Layron's body flowed like water — not just with the current, but between the gaps in Shion's throws, as though he already knew exactly where they'd be before Shion's fingers left the dart's shaft.
He wasn't guessing anymore.
He had already seen it all.
One dart after another sliced past him — each one missing by less than a hair, but missing all the same. His body twisted, turned, bent at the waist or spun on a heel at the perfect angles to let the river move him while avoiding Shion's attacks.
It was perfect.
For the first time since training began, Shion hesitated.
"What the hell is this?" Shion muttered under his breath. "That's not normal."
Layron reached the other side of the river — not a single new cut on his skin.
He stood there, dripping, breath coming fast but steady, eyes wide with a look Shion hadn't seen in him before.
Control.
Pure, terrifying control.
The river, the darts, even his own body — none of it had been a threat.
Because Layron had already fought this battle a thousand times in his mind.
Falkren's mechanical eye pulsed faintly.
[[What… did you just do?]]
Layron turned back, shaking water from his hands.
"I practiced," Layron said, voice hoarse but certain. "I used Foresight Break on myself."
Shion's hand slowly lowered, the remaining darts forgotten in his grip.
"You… predicted yourself?" Shion's voice was incredulous.
Layron grinned — exhausted, but for the first time, confident.
"Why only predict my enemies," Layron asked, "when I can predict my own mistakes?"
Falkren's wings flared wide, and for a moment, the ancient falcon looked at him not like a student —
But like someone who wasn't supposed to figure that out.

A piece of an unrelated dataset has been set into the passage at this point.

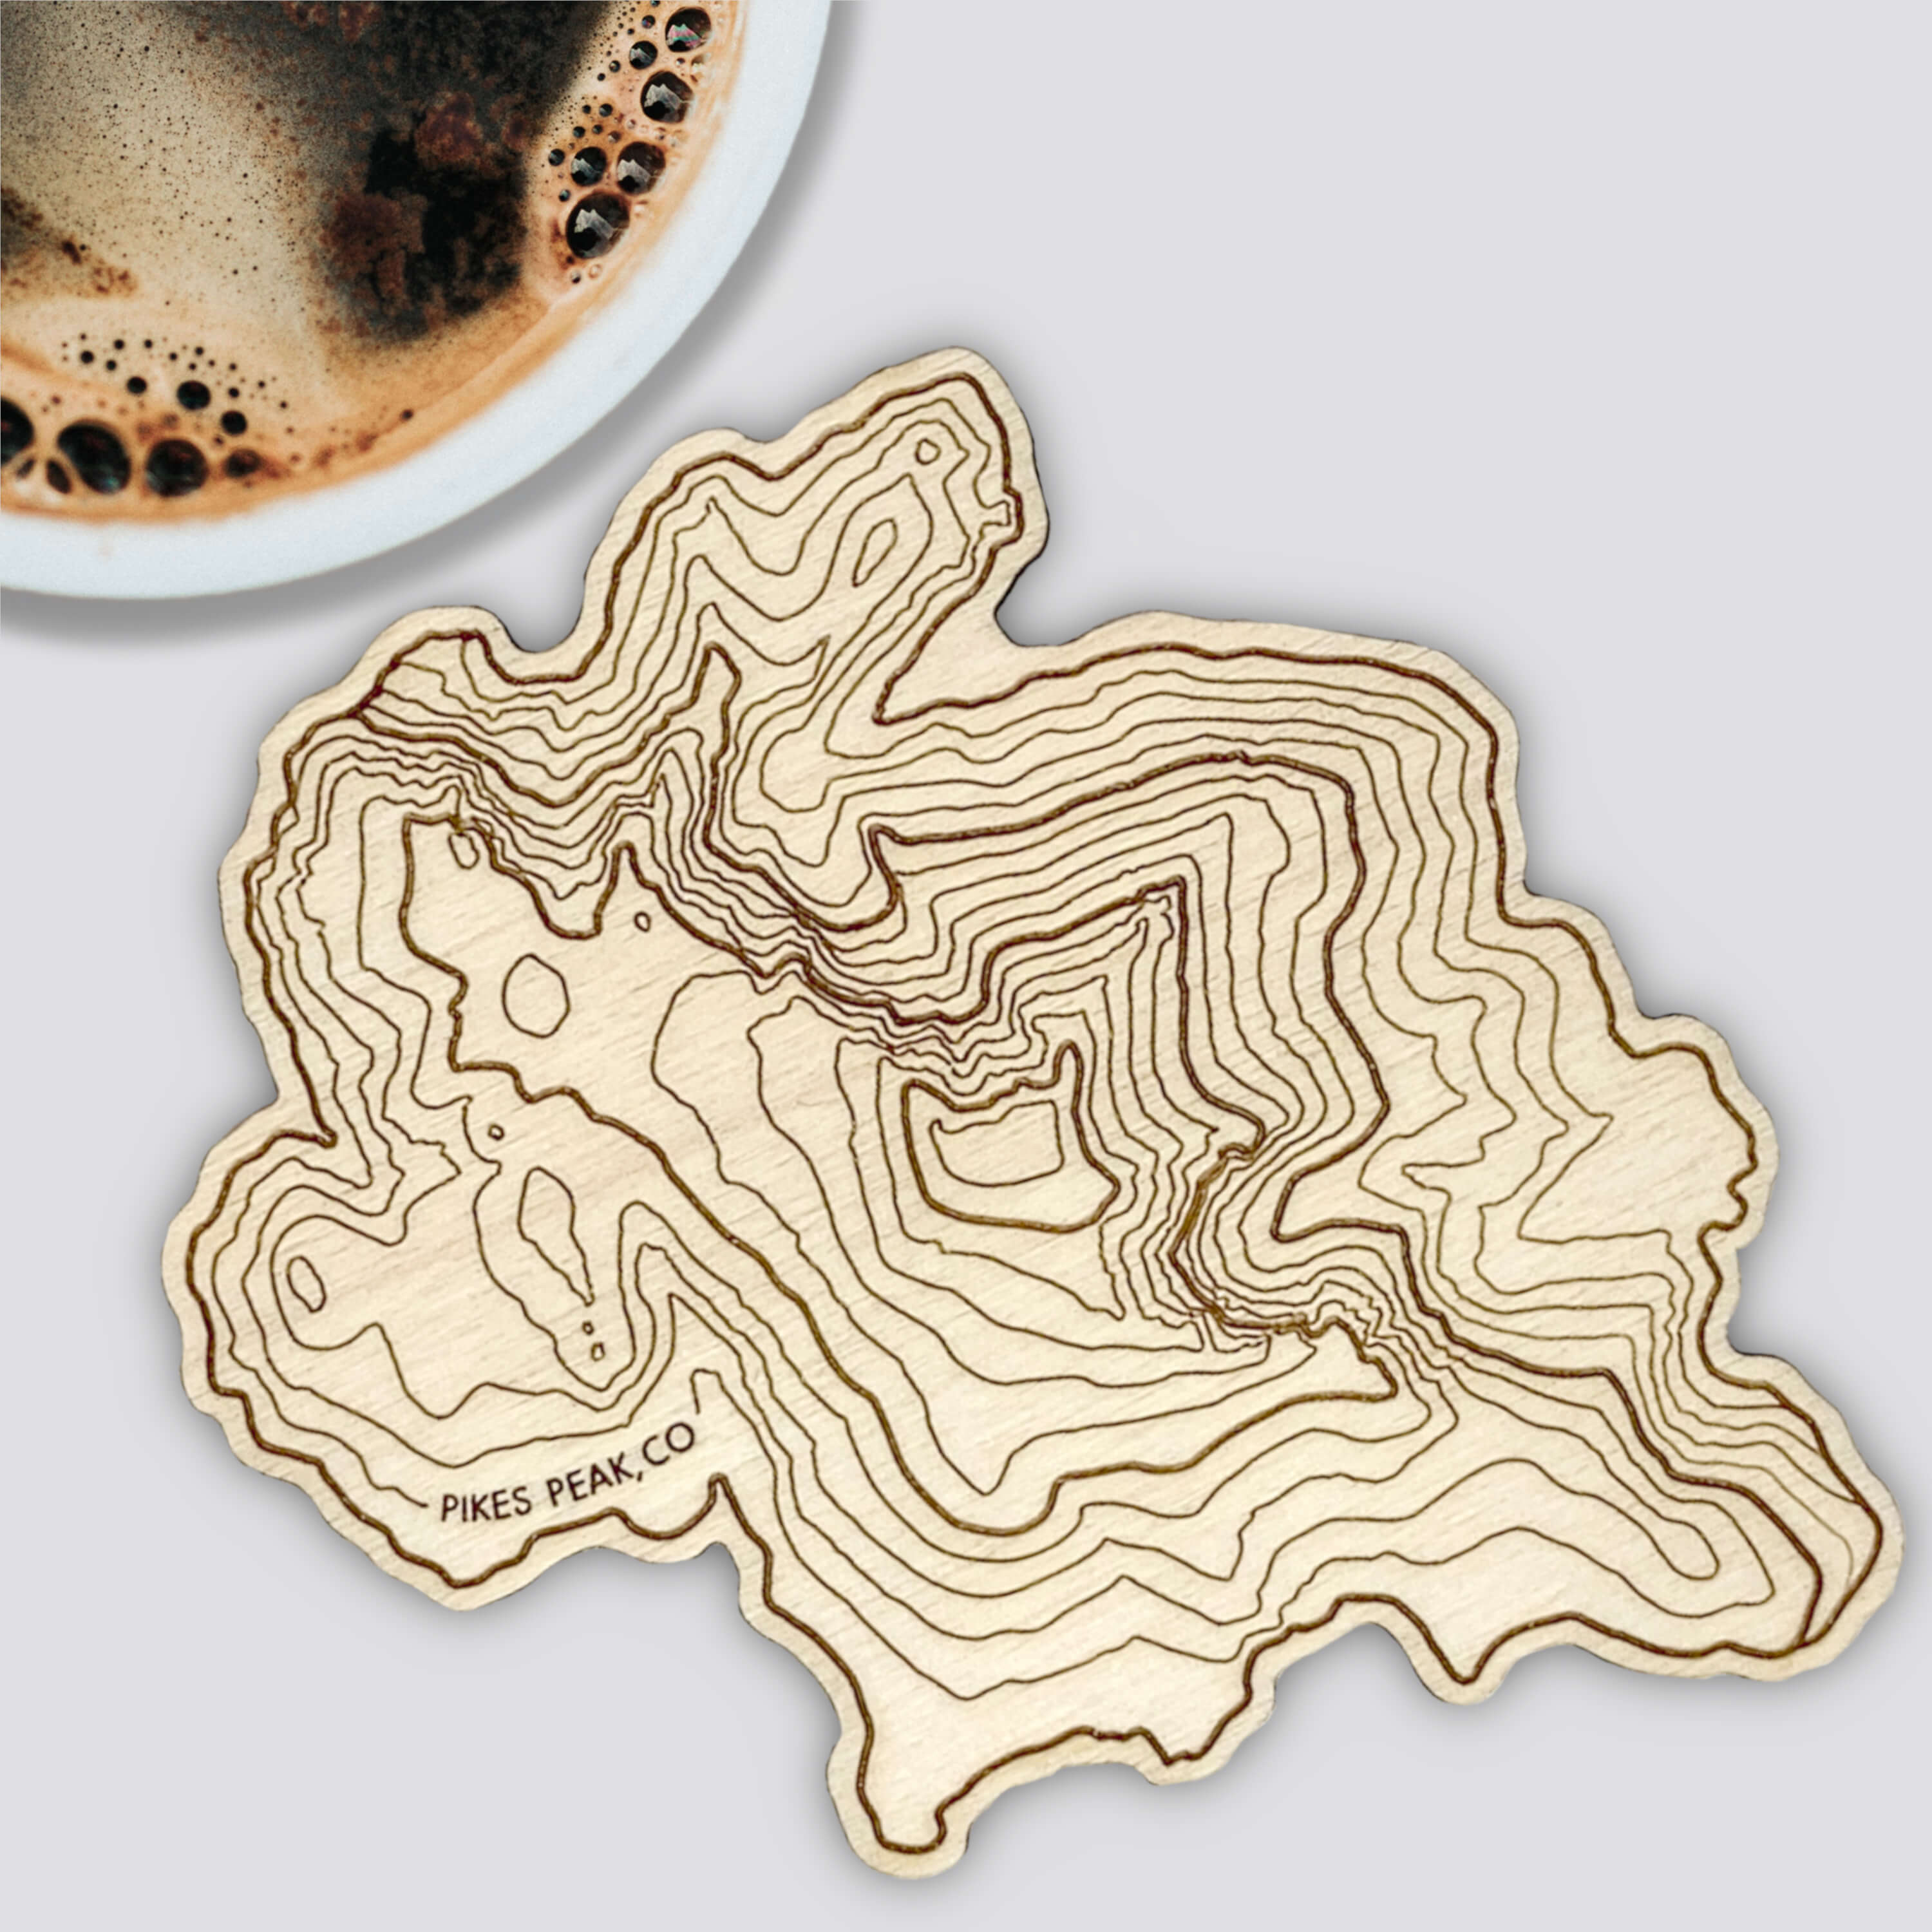 Colorado Mountains Topography Coasters - Set of 4

[[Clever little bastard,]] Falkren muttered.
Shion let out a low, sharp laugh, shaking his head. "You just saved us a month of training."
Layron stepped out of the water, the weight of the realization still settling into his bones.
This wasn't just survival training anymore.
This was how he was going to win.
And for the first time, Falkren and Shion knew—
They might not be able to keep up with Layron's intelligence and instincts.